Footage shared by the China Earthquake Networks Centre showed boulders thundering down mountainsides in Luding county, kicking up clouds of dust as the tremors swayed roadside telephone wires.

At least one town suffered “severe damage” from landslides triggered by the quake, CCTV reported.

“Before 5 o'clock, I heard a rumbling sound. The house shook so badly that I woke up immediately,” a woman called Zheng, from Sichuan's Lu county, told Beijing News.

“My brother's house collapsed. His house is an old one built more than 10 years ago. My house is newly built, so the situation is better.”

The quake also rocked buildings in the provincial capital of Chengdu, where millions are confined to their homes under a strict Covid-19 lockdown, and in the nearby city of Chongqing, residents told AFP.

At least 10 aftershocks of magnitude 3.0 and above had been detected as of 7am local time, CCTV said.

No damage to dams and hydroelectric power stations within 50km of the epicentre was reported, although damage to the provincial grid had affected power to about 40,000 end users.

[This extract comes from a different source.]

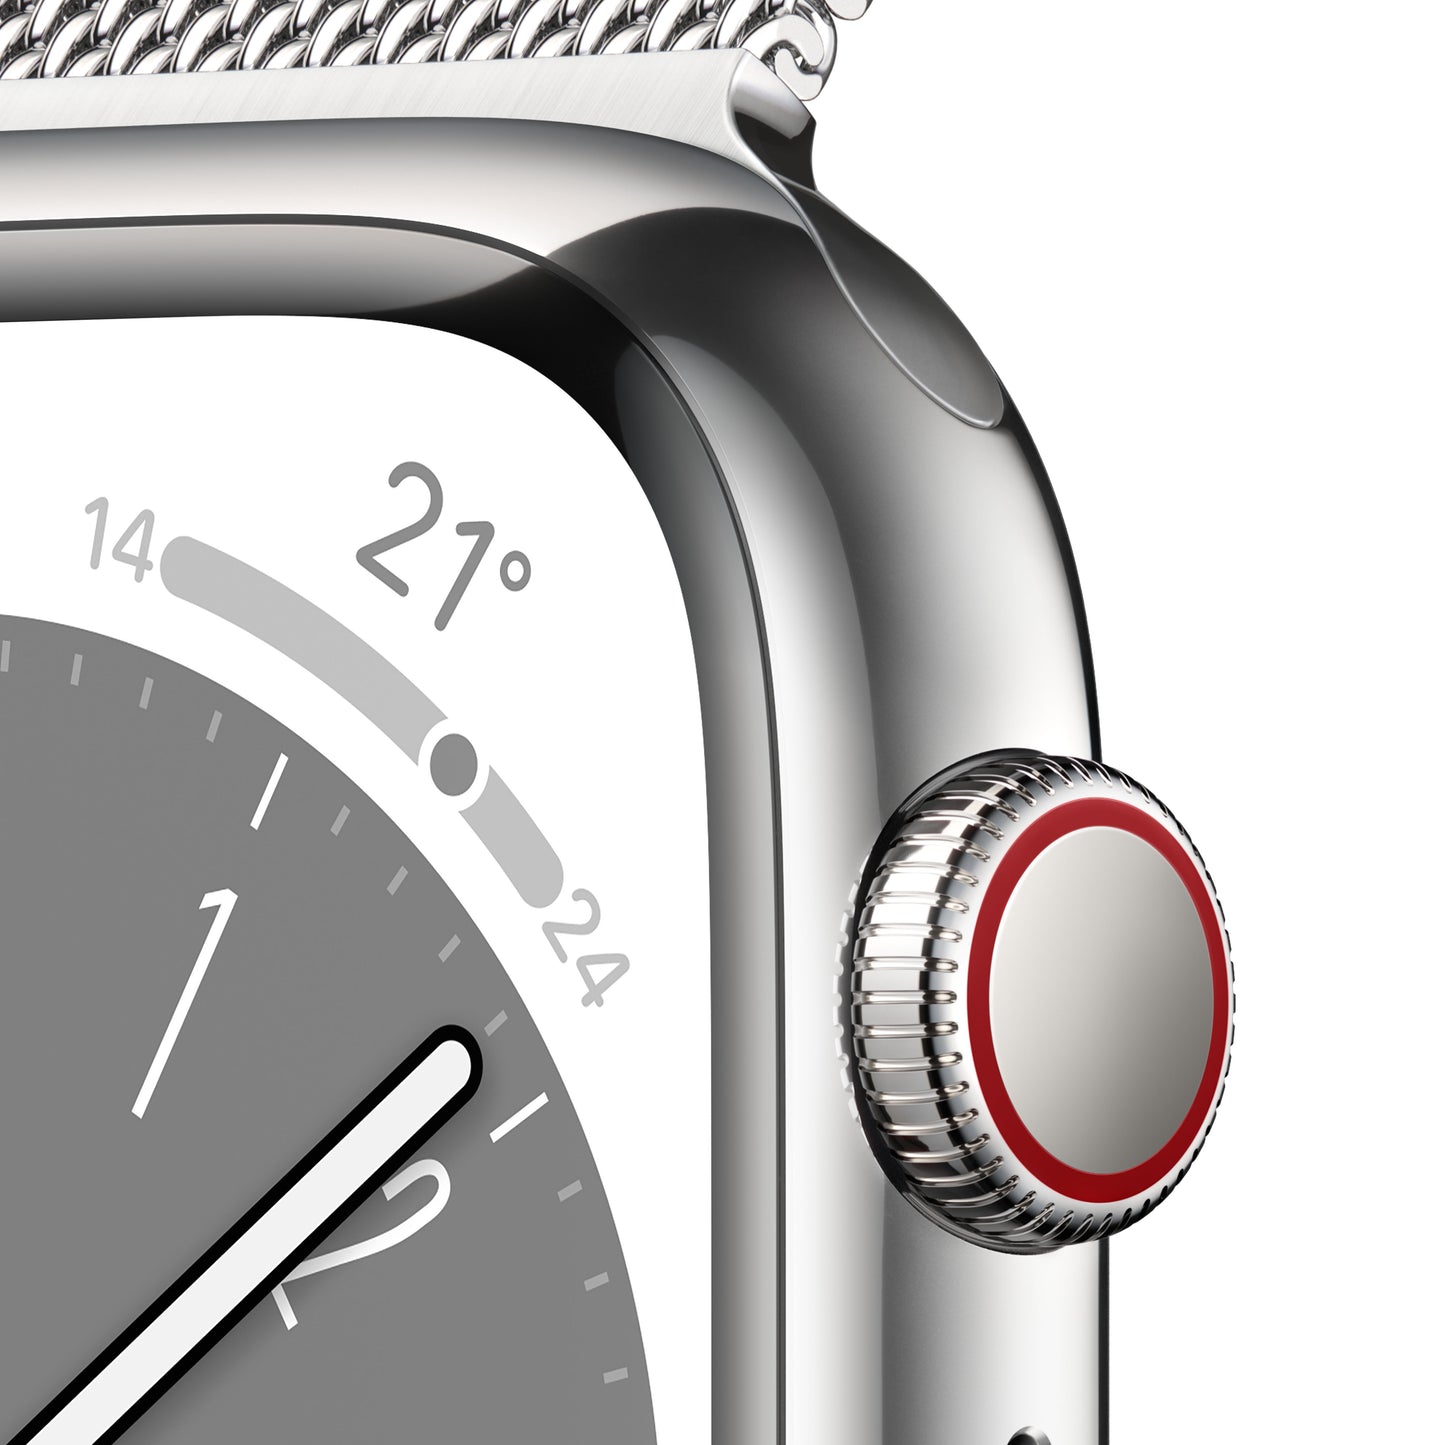 Apple Watch Series 8 (GPS  + Cellular) de 41 mm - Caja de acero inoxidable en plata - Pulsera Milanese Loop en plata

Saudi Arabia expressed solidarity with China after the earthquake, the Saudi Press Agency reported on Tuesday, with the kingdom's Foreign Ministry offering its condolences to the Chinese people and wishing the injured a speedy recovery.

The earthquake was Sichuan's biggest since August 2017, when a magnitude 7.0 quake hit Aba prefecture.

The most powerful Sichuan earthquake on record was in May 2008, when a magnitude 8.0 quake centred in Wenchuan killed about 70,000 people and caused extensive damage.